>>>
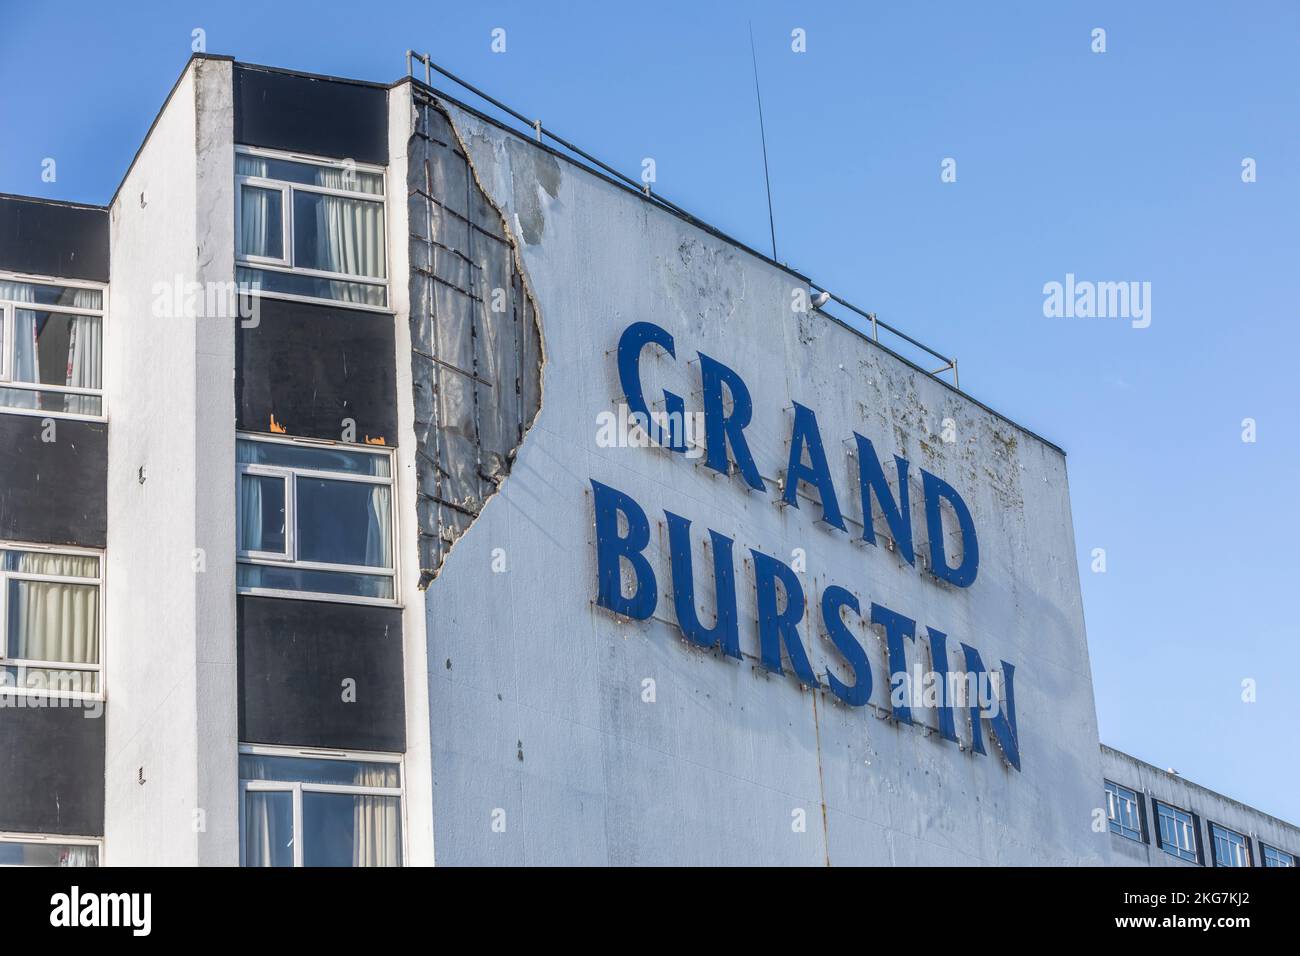 The collapesed section of wall on The Grand Burstin Hotel, Folkestone Stock Photo
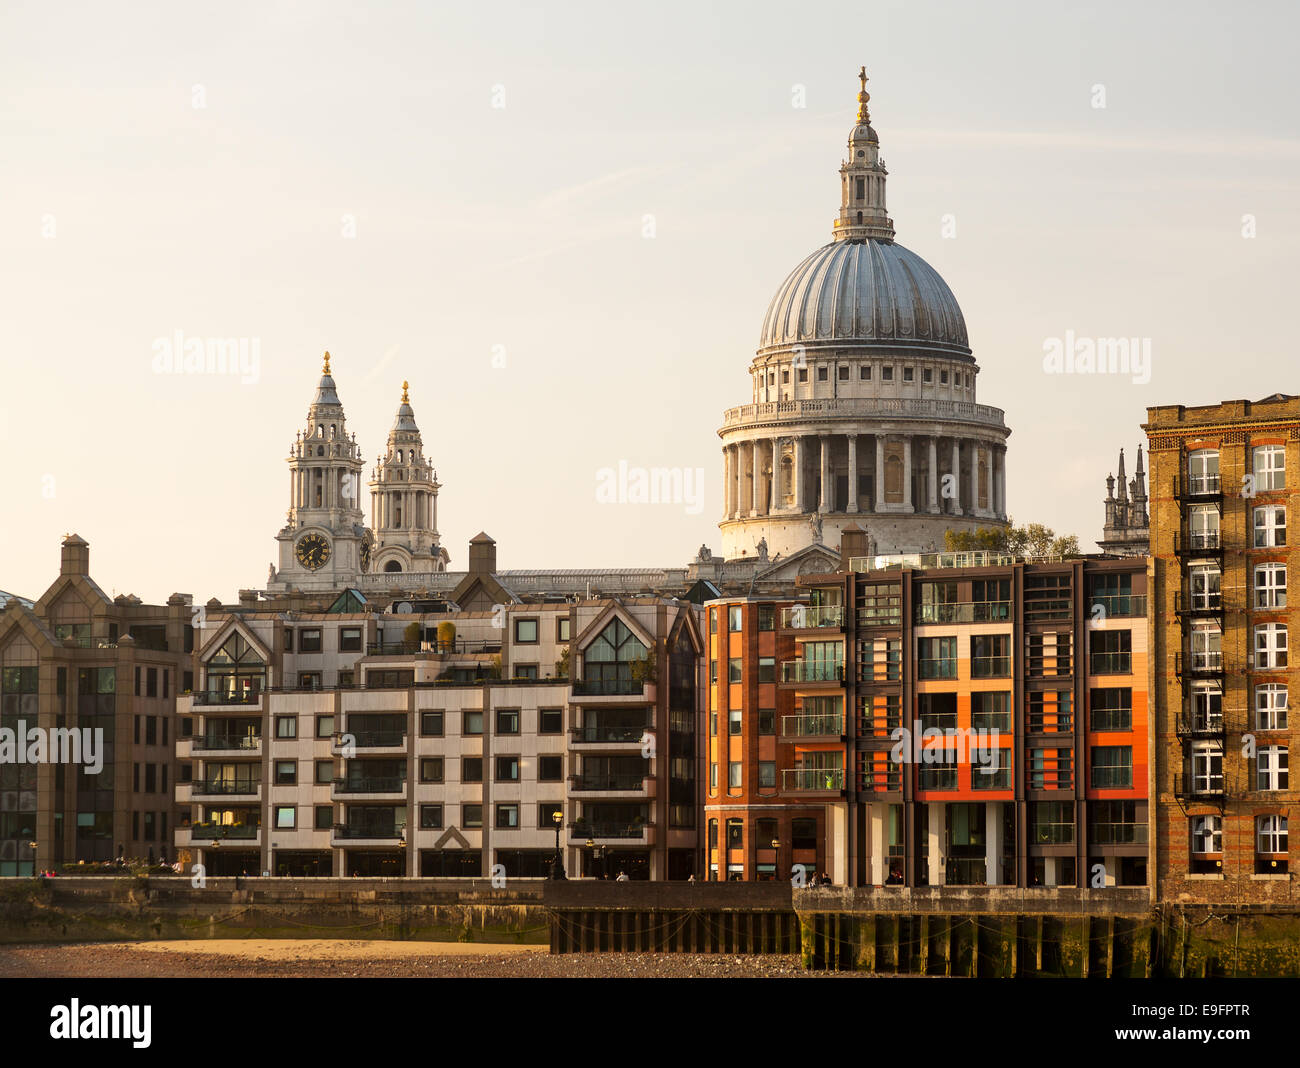 St Pauls Cathedral Church London England Stock Photo
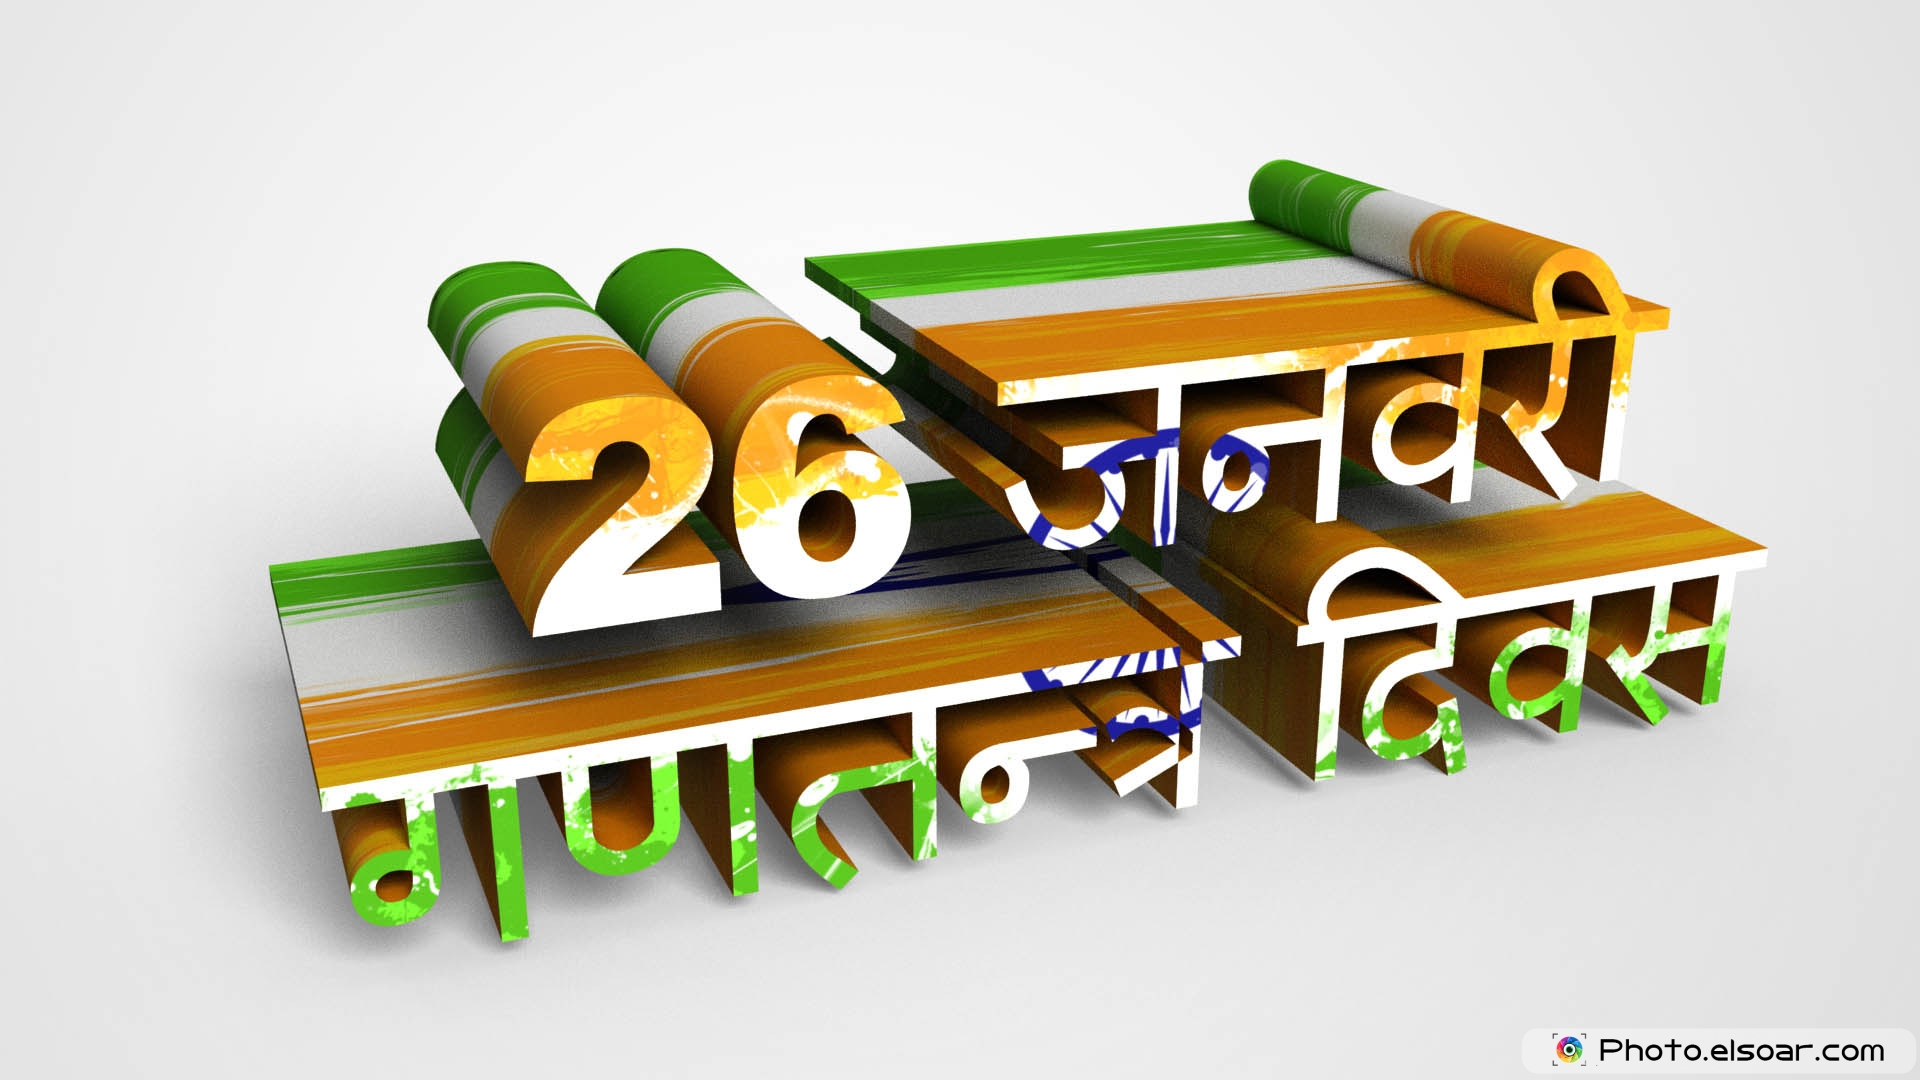 Indian Republic Day In Hindi Image - Plywood - HD Wallpaper
<<<
▸ **Activity**
Repeat the material above exactly. Leave every picture out of it.

▸ **Final answer**
 The collapesed section of wall on The Grand Burstin Hotel, Folkestone Stock Photo
 St Pauls Cathedral Church London England Stock Photo
 Indian Republic Day In Hindi Image - Plywood - HD Wallpaper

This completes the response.